La amistad encuadernada

Alcancé a vivir un mundo crepuscular en el que los hombres de edad vestían traje en invierno y guayabera en verano, usaban sombrero y se tocaban el ala al saludar por la calle. Las personas mayores, cuando se les caía un trozo de pan al suelo, lo recogían y besaban. En las hojas en blanco —antes de escribir— hacían una cruz en el borde superior; plegaban con cuidado el papel de los regalos recibidos y lo guardaban en los cajones junto a los cordeles, para reutilizarlos. De uvas a peras ponían una conferencia telefónica, y entonces, les brillaban los ojos y elevaban el tono de voz como si su interlocutor, en lugar de hallarse en otra provincia estuviese en un país remoto. Y esos mismos hombres, al pasear con saboreada lentitud, lo hacían cogidos del brazo de sus amigos íntimos, los de toda la vida.

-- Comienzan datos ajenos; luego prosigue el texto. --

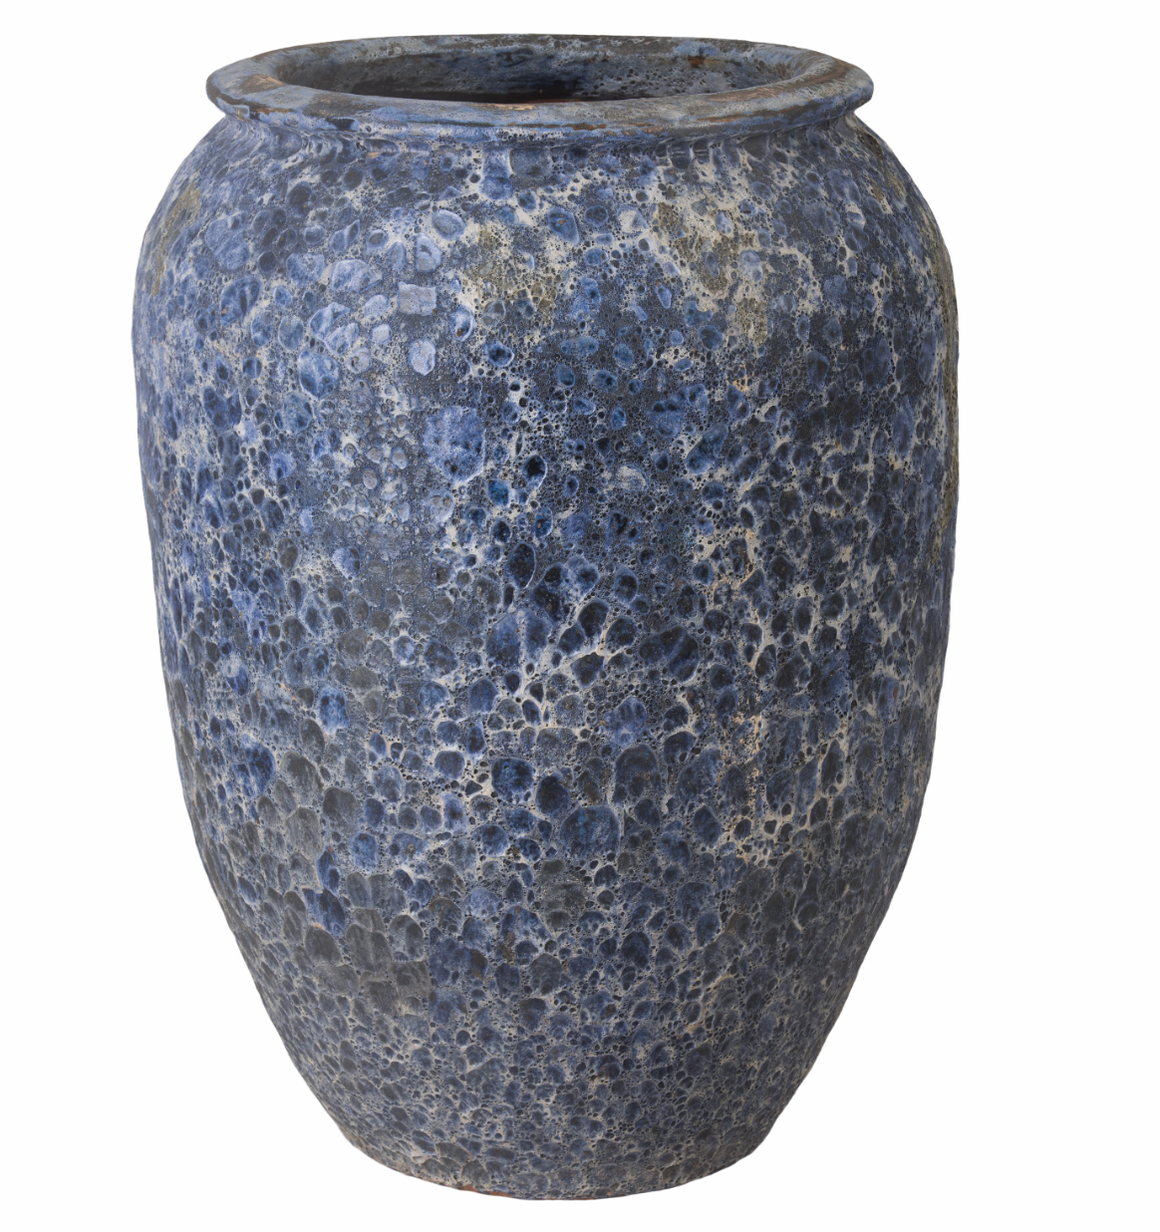 Round Ceramic Jar Planter - Distressed Reef Blue

Aprendí en mi casa el valor de la amistad a través del relumbre de pupilas en las conversaciones y de los nombres de pila dichos con unción. De niño, me gustaba observar los abrazos con palmeo en las espaldas como redobles de tambores, las risas en sensurround y las tertulias sobre viajes, aficiones comunes y vida cotidiana en las que, siempre, se hablaba de libros y de cine. Por eso me gustan tanto las amistades encuadernadas y cinematográficas, la literatura y películas que ensalzan esa forma de amor llamada amistad.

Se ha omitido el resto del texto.